In the light of the foregoing, the Court has held that both the first applicant, throughout his detention, and the second applicant, from 20 June 2013 and at least until 16 June 2015, the date of referral to the Court, lived in conditions contrary to Article 3 regarding overcrowding, as well as certain other aspects of their detention, in particular as regards food, cleanliness and general condition of their rooms and the absence of recreational or sporting activities outside the cell. In addition, as regards the second applicant and the period of his detention before 20 June 2013 in various cells, the Court noted that, in its observations, the applicant was not mentioned in the CPT’s report and did not provide any additional information about them. conditions of his detention in these cells.
Consequently, a violation of Article 3 of the Convention was found.
Pursuant to Article 13 of the Convention, the applicants also complained of a lack of effective redress when they complained about the conditions of their detention. They relied on the rich case law of the Court on this issue concerning Greece.
In particular, in the present case, the Court noted that it was not the supervising prosecutor himself who took evidence from the applicants but the prison manager. With regard to the latter’s alleged proposal to place the applicants in a cell where conditions were more favorable, the Court considered that it had doubts as to the possibility of success of this proposal in view of the prevailing overcrowding in the detention center. In addition, the Court found it useful to recall that the supervising prosecutor chaired the board, whose jurisdiction extends to various aspects of the issues that arise. In the court’s view, a request to the supervising prosecutor would amount to an invitation to investigate facts or allegations about detention conditions for which he is also responsible.

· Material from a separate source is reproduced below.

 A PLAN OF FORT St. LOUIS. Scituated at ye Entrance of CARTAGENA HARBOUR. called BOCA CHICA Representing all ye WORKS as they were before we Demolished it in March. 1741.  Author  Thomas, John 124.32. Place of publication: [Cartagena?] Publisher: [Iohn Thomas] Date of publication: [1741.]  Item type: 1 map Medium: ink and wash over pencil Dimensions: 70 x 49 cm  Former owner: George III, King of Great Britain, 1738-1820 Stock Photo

With regard to the referral to the Greek Omdudsman in accordance with Law 4228/2014, the Court had already ruled that it was not an effective solution insofar as these recommendations were not binding on the authorities. There has therefore been a violation of Article 13 in conjunction with Article 3 of the Convention.
It also found a violation of Article 3 of Article 13 in conjunction with Article 3 of the Convention.
Fair satisfaction: The ECtHR awarded EUR 11,000 to Mr Lautaru and EUR 14,000 to Mr Seed for non-pecuniary damage and EUR 2,000 to the applicants jointly for costs and expenses.